The tripartite scheme also shapes the way we hear the music, and not always to its (or our) advantage. In the case of the early period in particular, we are inclined to listen—probably unconsciously—to what these works are not: not yet the fate-by-the-throat-grabbing Beethoven, not yet the product of a composer determined to go his own way, convention be damned. His contemporaries heard this music quite differently. One early reviewer of the Piano Trios op. 1 (1795) expressed regret that “out of an evident desire to be entirely new, Beethoven is not infrequently incomprehensible, incoherent, and opaque.” Another critic, reviewing the Violin Sonatas op. 12 (1798), decried the composer’s “bizarre,” “overly learned,” and “arduous” manner of writing. These are works written supposedly in the shadow of Mozart and Haydn, yet the vocabulary used to describe them when they first appeared is no different from that which critics would be using a quarter century later in talking about works of the late period. Ears change.

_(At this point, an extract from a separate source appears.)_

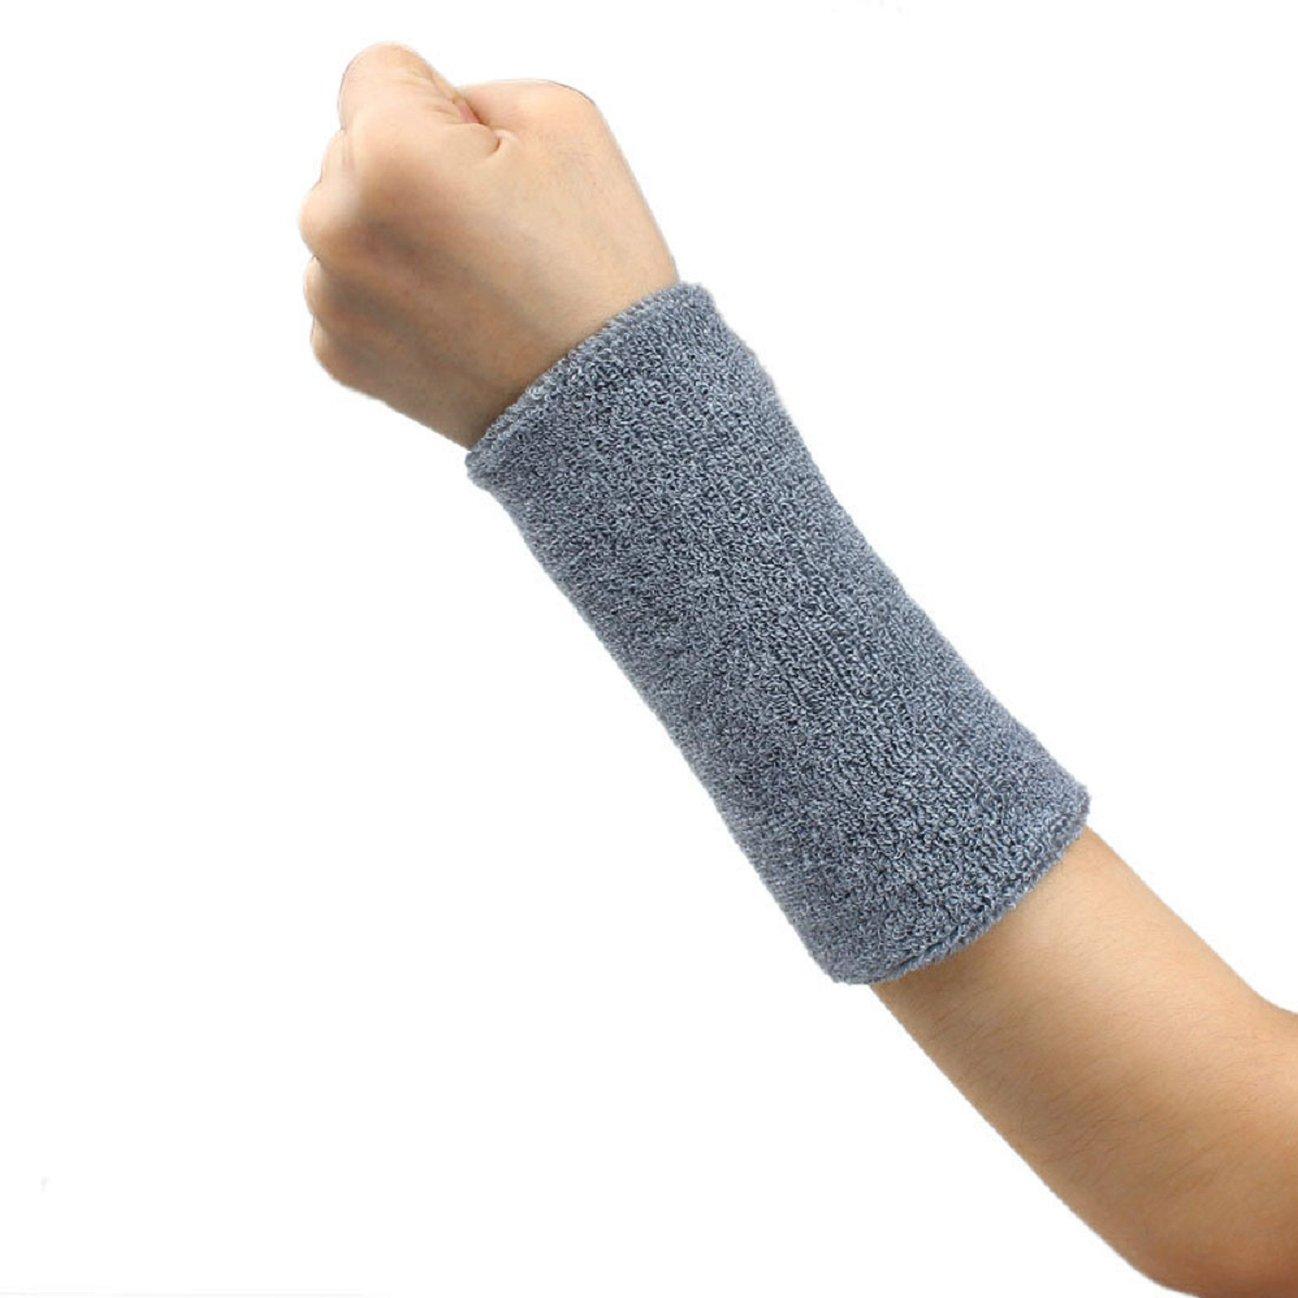 Tonsee 1 PCS Unisex Cotton Basketball Tennis Gym Yoga Sweatband Wristband (Gray)

The construct of the middle period, in turn, implicitly encourages the idea that there is a “real” Beethoven, a central core to the body of his work. This reinforces the inclination to hear the early works as not yet fully developed and the late ones as deviations from a supposed standard. The image of the “heroic Beethoven” rests on a remarkably small number of works from the middle period: the Third and Fifth Symphonies, the third Leonore overture, Fidelio, the Piano Concertos 4 and 5, and a handful of sonatas. Works like the Fourth and Eighth Symphonies and the Piano Sonatas opp. 54, 78, and 79 are often described in the same misleading terms as the Ninth, as “reversions.” But these supposed reversions are more than sufficient to undermine the validity of an imagined teleological trajectory.

To regard Beethoven’s output as the manifestation of some enormous Hegelian dialectic, with each previous work canceled out and absorbed into the next, is to imagine the composer’s life as moving in a straight and inexorable line. This ignores Beethoven’s enduring and fundamental tendency to adopt multiple perspectives toward whatever task lay at hand. When Karl Holz asked him which of the three “Galitzin” String Quartets (opp. 127, 130, 132) was the greatest, he reported Beethoven’s response thus: “Each in its own way! Art demands of us that we not stand still.” But not standing still is not the same as always moving forward in a single direction. For Beethoven, it more typically meant circling around an object—music—to assume an ever-widening series of perspectives.